Interplay between immunity and amyotrophic lateral sclerosis: Clinical impact


Amyotrophic lateral sclerosis (ALS) is a debilitating and rapidly fatal neurodegenerative disease. Despite decades
of research and many new insights into disease biology over the 150 years since the disease was first described,
causative pathogenic mechanisms in ALS remain poorly understood, especially in sporadic cases. Our understanding of the role of the immune system in ALS pathophysiology, however, is rapidly expanding.


The aim of this review is to summarize the recent advances regarding the immune system involvement in ALS, with particular attention to clinical translation. 

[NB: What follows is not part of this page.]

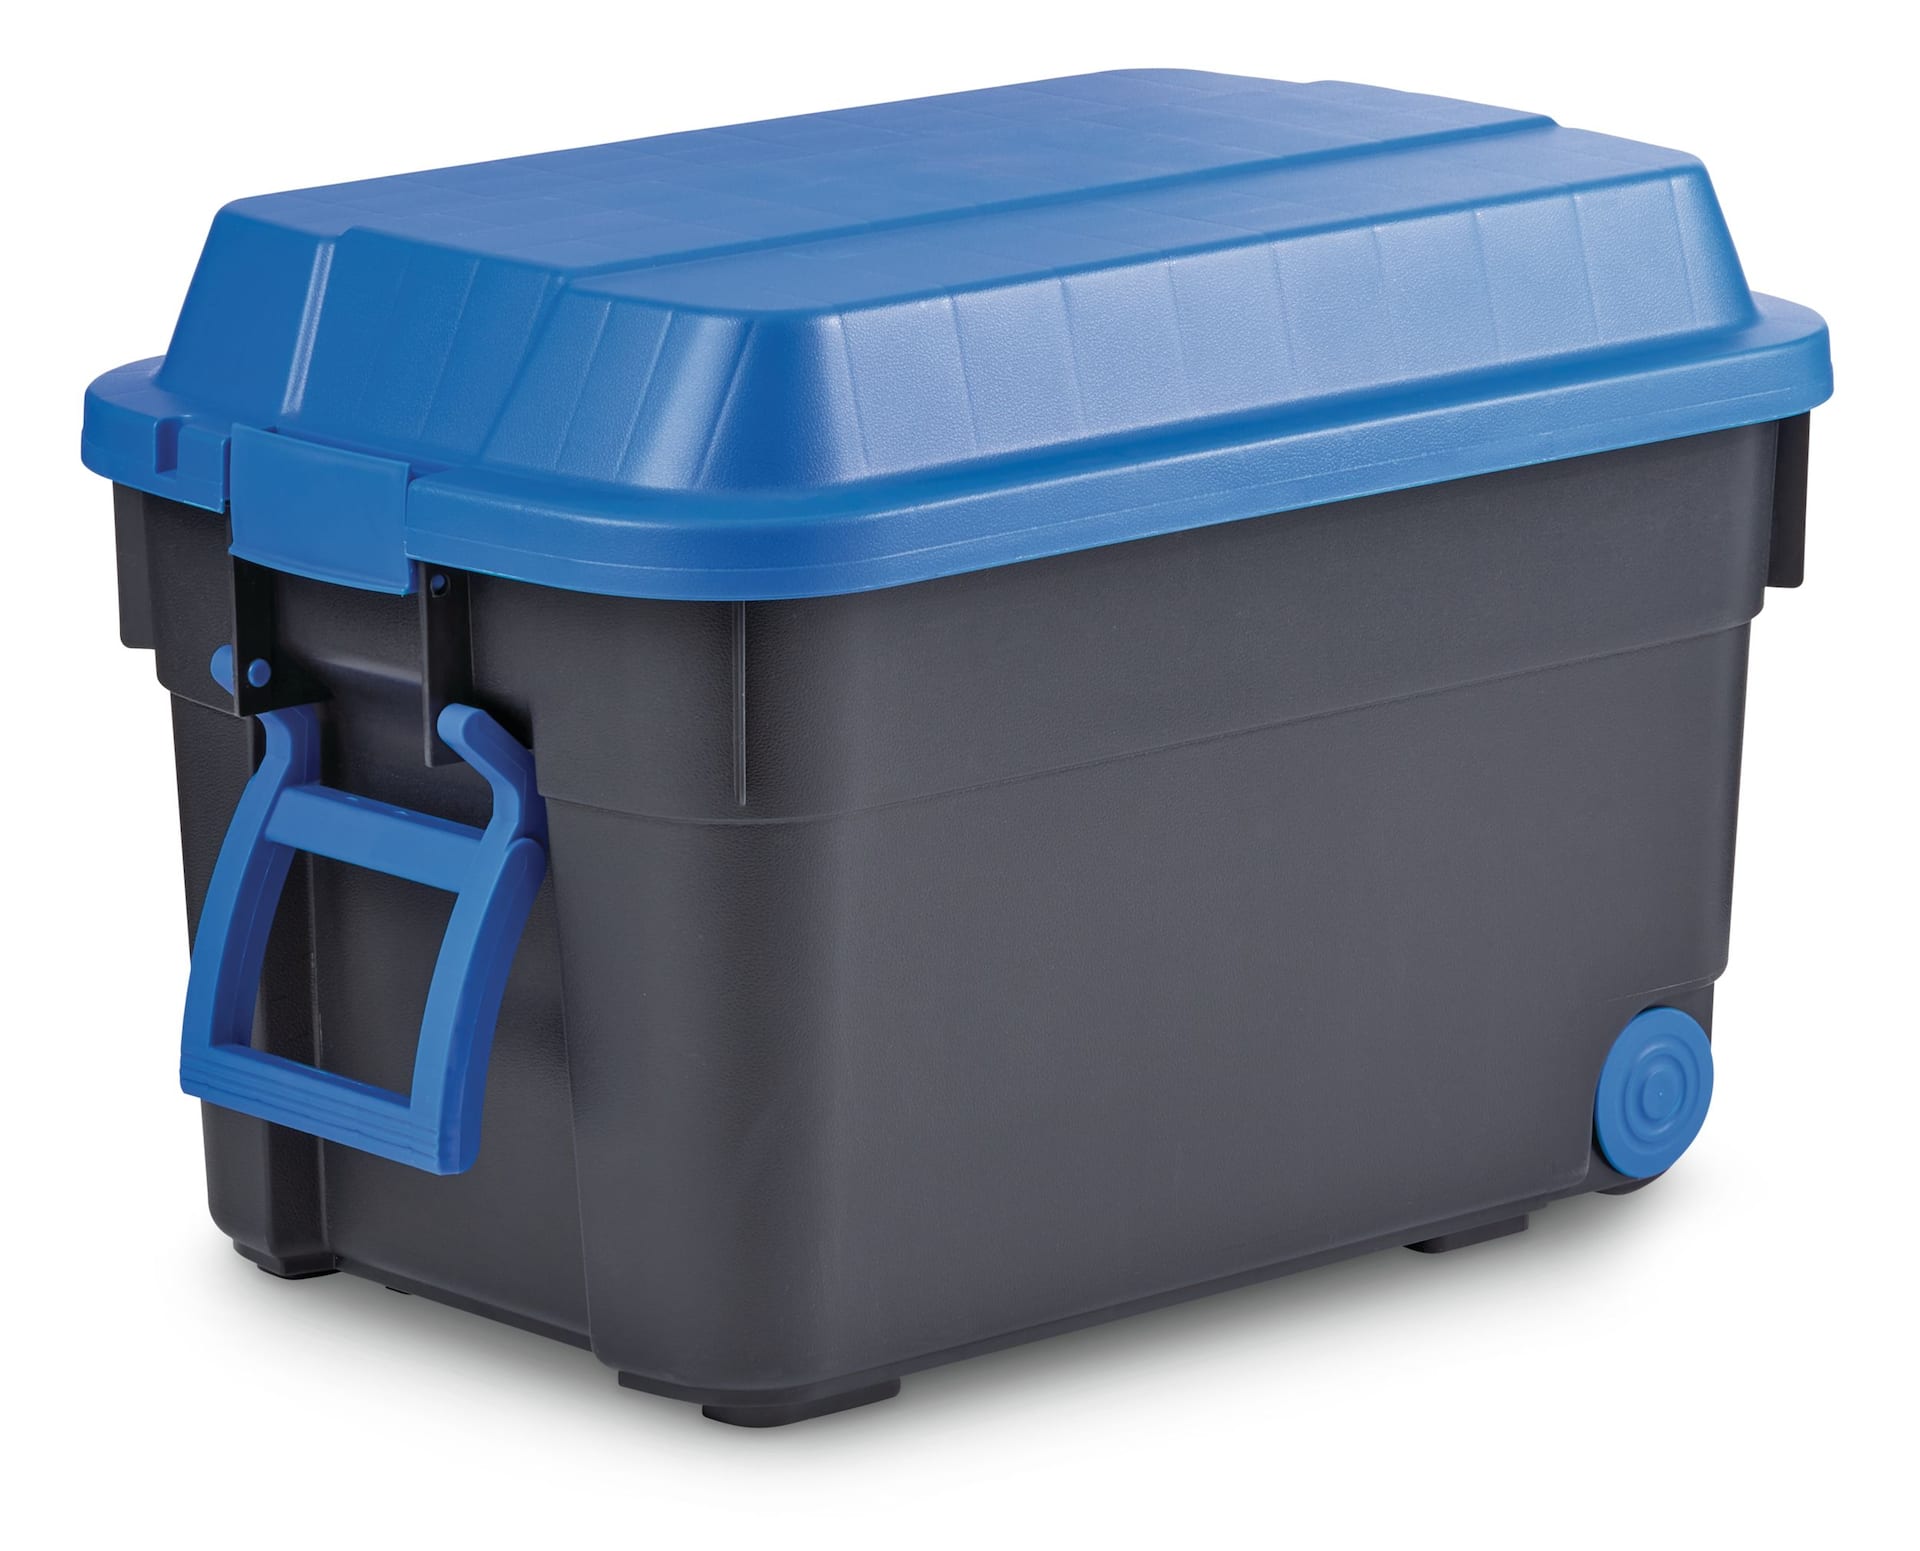 Mastercraft Heavy Duty Tilt & Tow Storage Box with Wheels and Latched Lid,  95-L, Black/Blue

We focus on the potential pathophysiologic mechanism of the immune system in ALS, discussing local and systemic factors (blood, cerebrospinal fluid, and microbiota) that influence ALS onset and progression in animal models and people. We also explore the potential of Positron Emission Tomography to detect neuroinflammation in vivo, and discuss ongoing clinical trials of therapies targeting the immune system.


With validation in human patients, new evidence in this emerging field will serve to identify novel therapeutic targets and provide realistic hope for personalized treatment strategies.


De Marchi F, Munitic I, Amedei A, Berry JD, Feldman EL, Aronica E, Nardo G, Van Weehaeghe D, Niccolai E, Prtenjaca N, Sakowski SA, Bendotti C, Mazzini L. Interplay between immunity and amyotrophic lateral sclerosis: Clinical impact. Neurosci Biobehav Rev. 2021 Jun 19;127:958-978. doi: 10.1016/j.neubiorev.2021.06.027. Epub ahead of print. PMID: 34153344.